If XMLReq.Status <> 200 Then
    MsgBox "Problem" & vbNewLine & XMLReq.Status & " - " & XMLReq.statusText
    Exit Sub
End If

HTMLDoc.body.innerHTML = XMLReq.responseText

Set AllTables = HTMLDoc.getElementsByTagID("dispTable0")

  

End Sub

I would be grateful if someone could help me get the "10 of 10 Delivered" value extracted [1]: https://i.stack.imgur.com/xcOAZ.png

Achal Desai
  • 93
  • 1
  • 8
  • When you say "**with no success**", it doesn't tell us anything.
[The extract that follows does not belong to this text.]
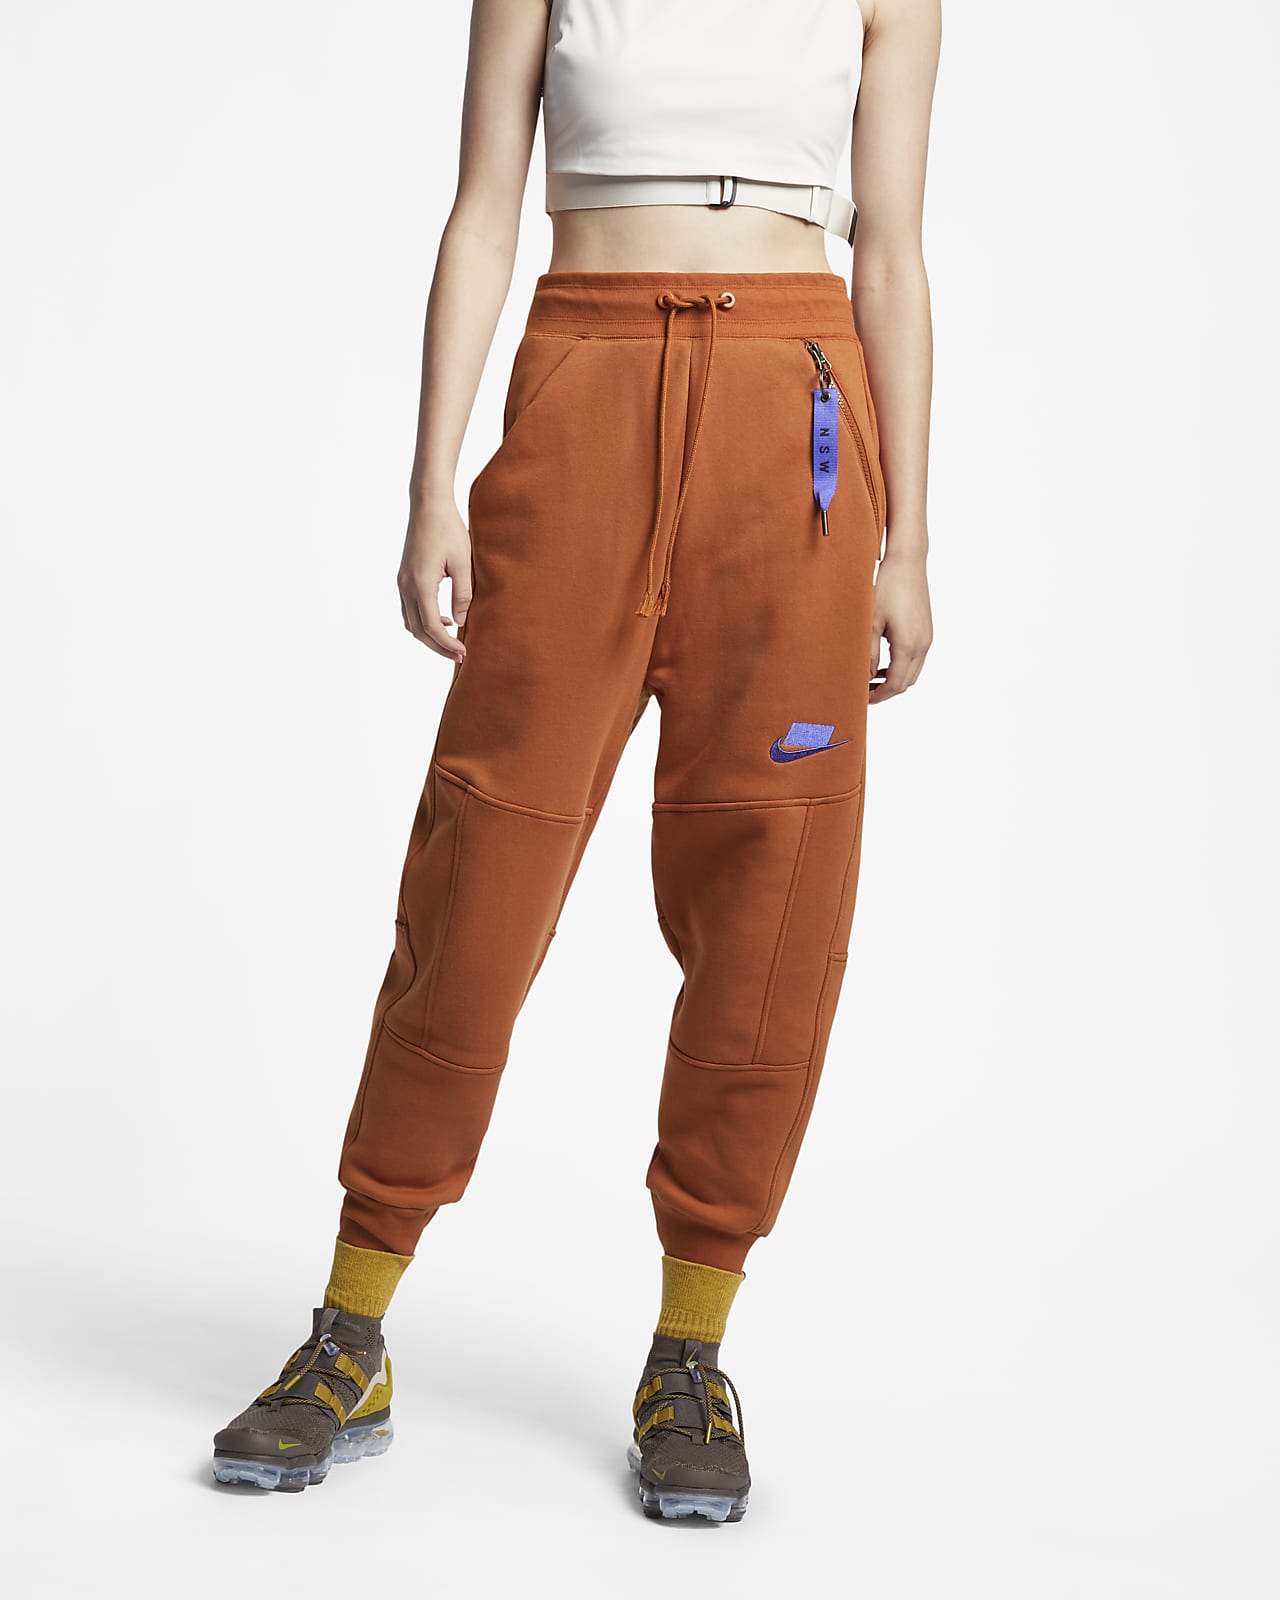 Pantalon de jogging en tissu Fleece Nike Sportswear NSW pour Femme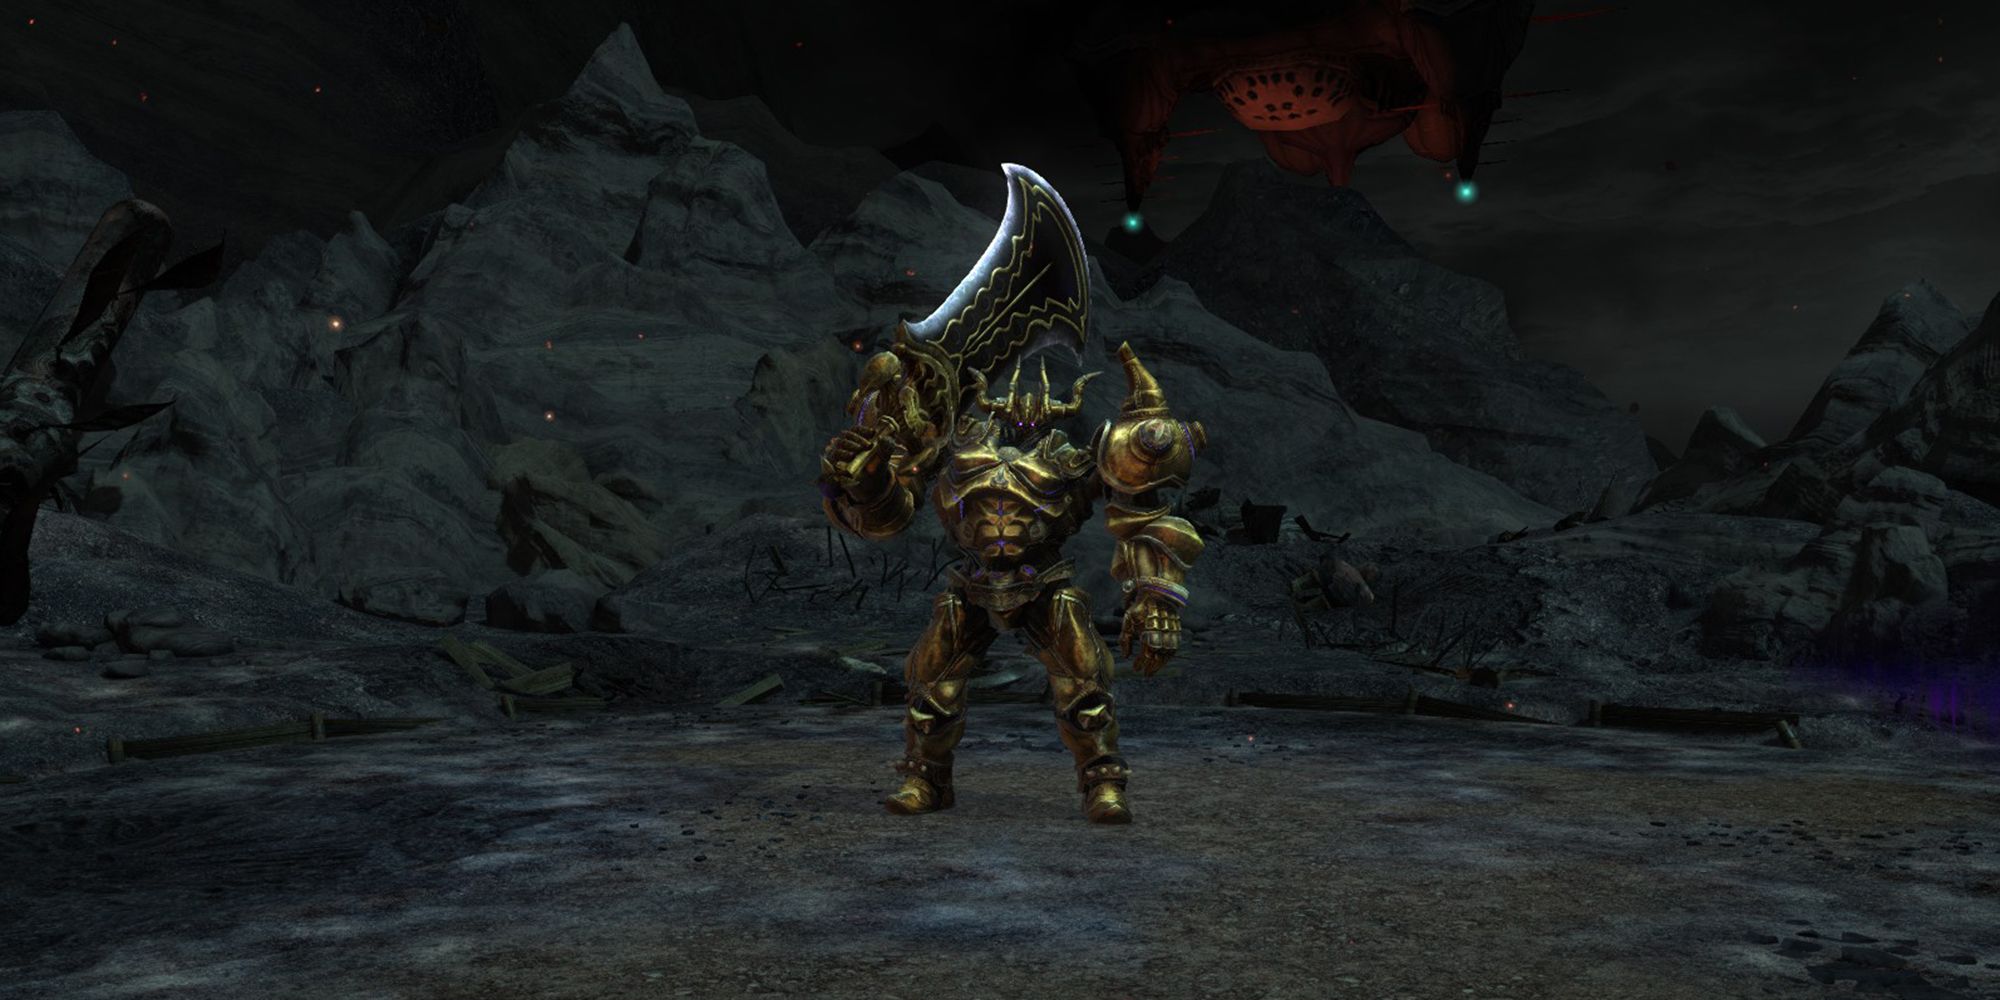 mark 3 magitek colossus, first boss of ghimlyt dark dungeon

Please explain what happens when you run your code.. is there an error thrown? if so, what is the error? if not, what happens? – Zac Sep 04 '20 at 10:38
  • The table you need will be load as dynamic content. So you can't use xhr (as far as I know) But you can do it with the IE. You must wait to load the dynamic content after the IE reports page load is complete. Furthermore there is no method called `getElementsByTagID()`. What you want is `getElementByID()`. – Zwenn Sep 04 '20 at 11:26
  • @Zac, Sorry for that. That was a typo. I was trying to type ByTag, ByID – Achal Desai Sep 04 '20 at 12:34

2 Answers2

1

Ok, like I wrote in my comment. You can scrape the status with the IE.

Please note: The following code has no timeout built in if the dynamic content cannot be loaded. There is also no check whether the number passed in the URL is correct.

Sub FlightStat()

Dim url As String
Dim ie As Object
Dim nodeTable As Object

  'You can handle the parameters id and pfx in a loop to scrape dynamic numbers
  url = "https://www.unitedcargo.com/OurNetwork/TrackingCargo1512/Tracking.jsp?id=10205436&pfx=016"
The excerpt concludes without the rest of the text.